Participants spent hours learning how to breathe and smile. They received instruction about the therapeutic benefits of certain sounds and mantras. Much knowledge was also imparted about yoga, alternative systems of medicine, the teachings of the Buddha, the glories of the Upanishads and so forth. (Incidentally, there were no representatives of the Muslim and Christian faiths even though Islam and Christianity boast of millions of followers in the countries covered by the workshop.)
One trouble with the choice of speakers was simply this. Each one of them with the exception of Sri Sri Ravi Shankar whose infectious charm held the audience spell–bound gave the impression that the path one indicated to attain mental bliss was the best, if not the only, one because it was secular and therefore had a universal appeal. The fact, however, is that yoga and reiki, ayurveda and unani, vipasana and zen all come with a specific religious and cultural baggage. What is best for some may not be good for all. This explains why certain Muslim countries frown on yoga or why republican France keeps votaries of spiritualism and mysticism at an arm’s length.

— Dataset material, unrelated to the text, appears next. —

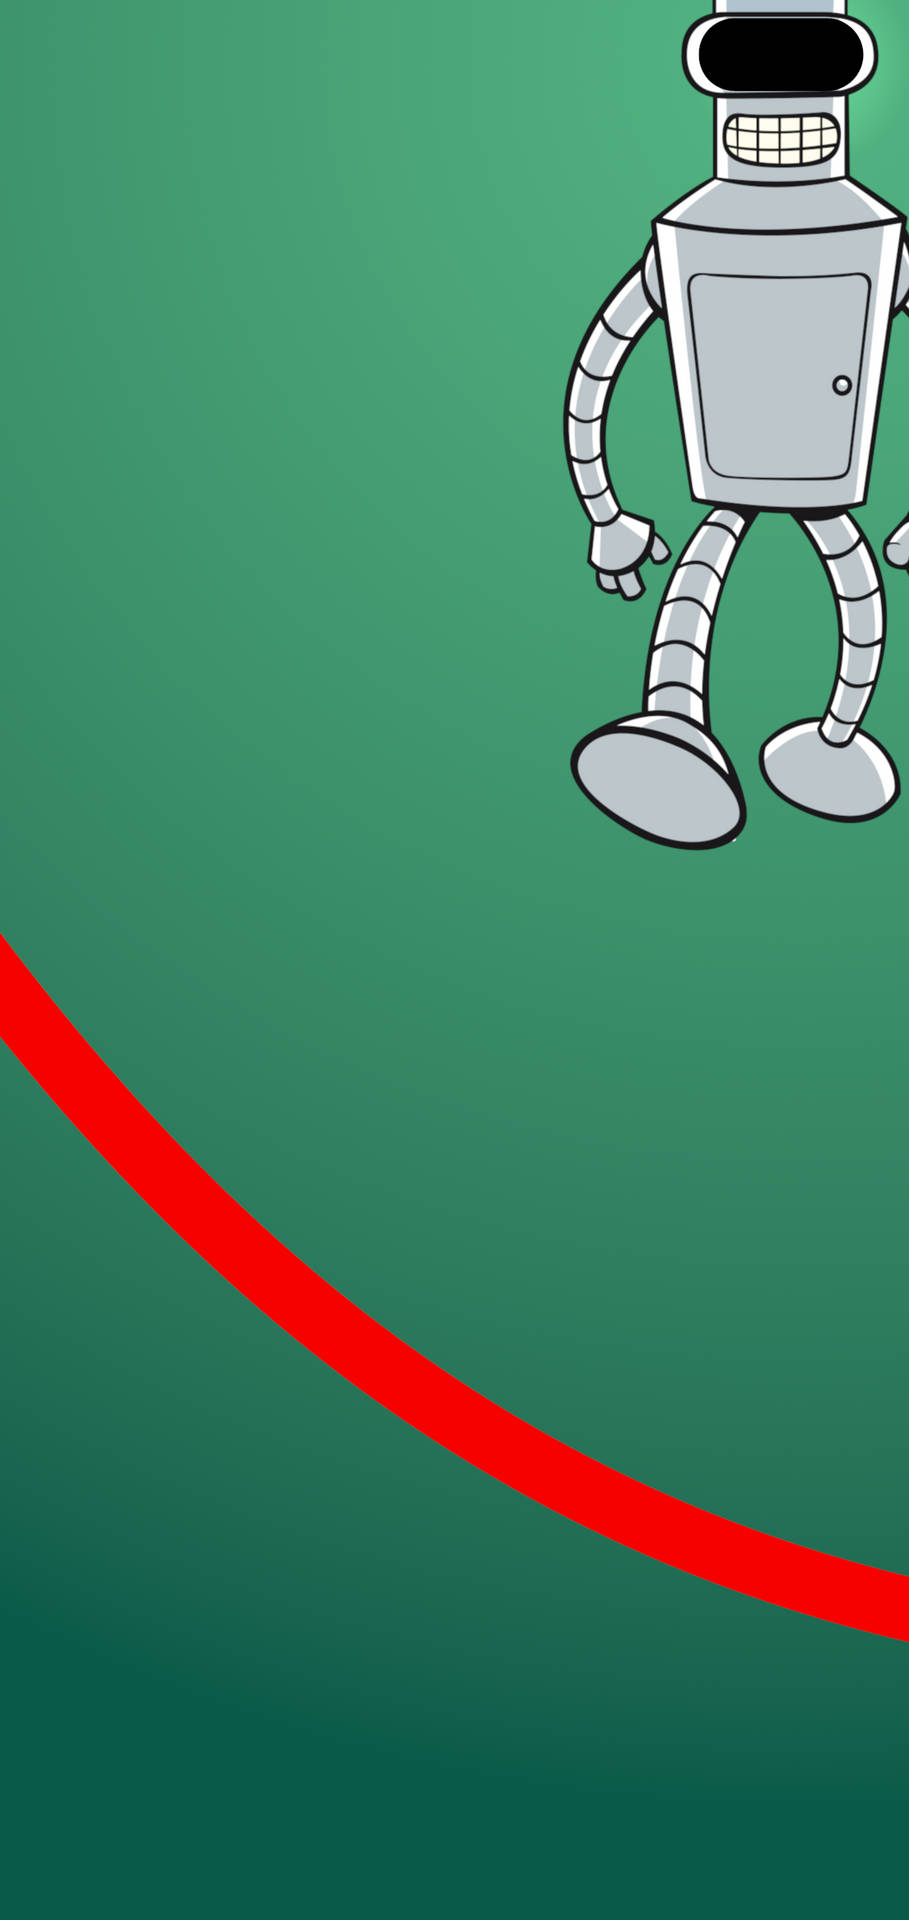 S10 Futurama Robot Bender Galaxy Cover Background

This is not all. Discourse after discourse at the workshop harped on the alleged infirmities of ‘western’ medicine as against the innate superiority of ‘traditional’ healing systems, on how individuals can lead a robust and fulfilling life of mental well–being regardless of one’s economic or social situation and so forth. Absent from the discourses were references to the state’s responsibility to guarantee the health of its citizens. On the other hand, you witnessed laborious efforts to bestow a scientific cachet on esoteric practices, including some that were outrageously sexist (dance and music to cure the neurosis of barren women!).

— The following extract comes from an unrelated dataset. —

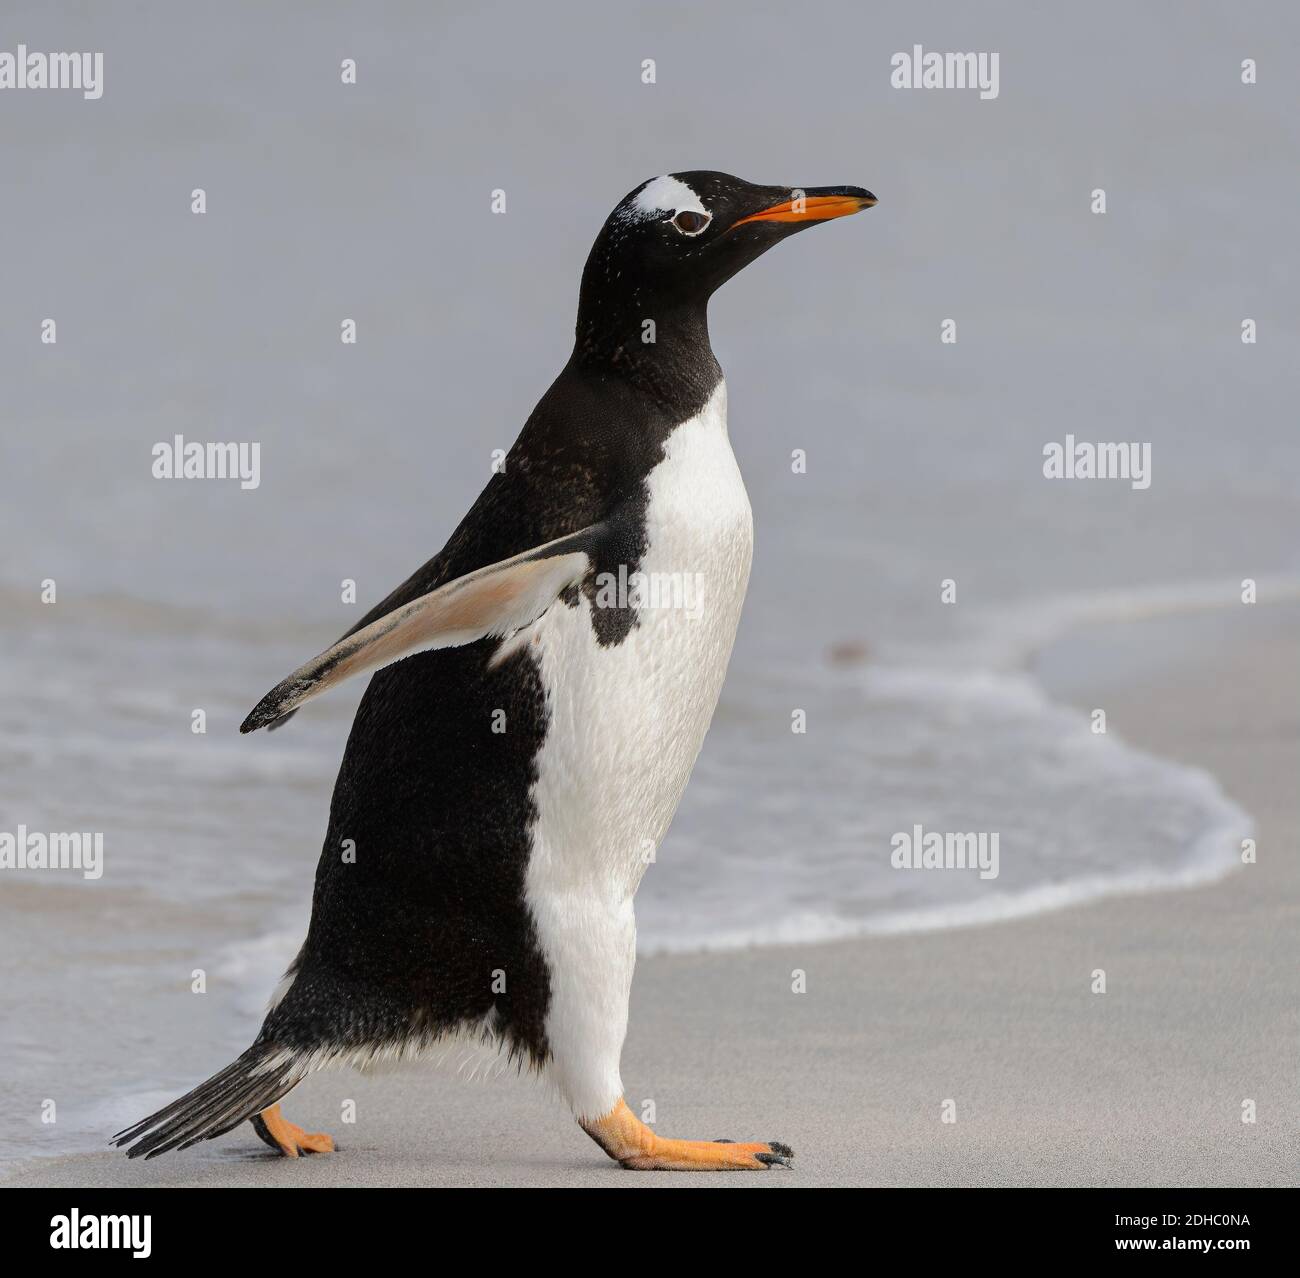 Gentoo penguin walking on water's edge Stock Photo

At the end of the deliberations one was left wondering whether the WHO, aware of its limited human and material resources, might now consider dispatching these proselytisers to combat mental disorders worldwide. You were reminded of a doggerel written by an anonymous author in 1878 on learning that Indian troops were sent to Malta to help English forces face their enemy: “We don’t want to fight/ but, by Jingo, if we do/ we won’t go to the front ourselves/ but we’ll send the mild Hindoo.”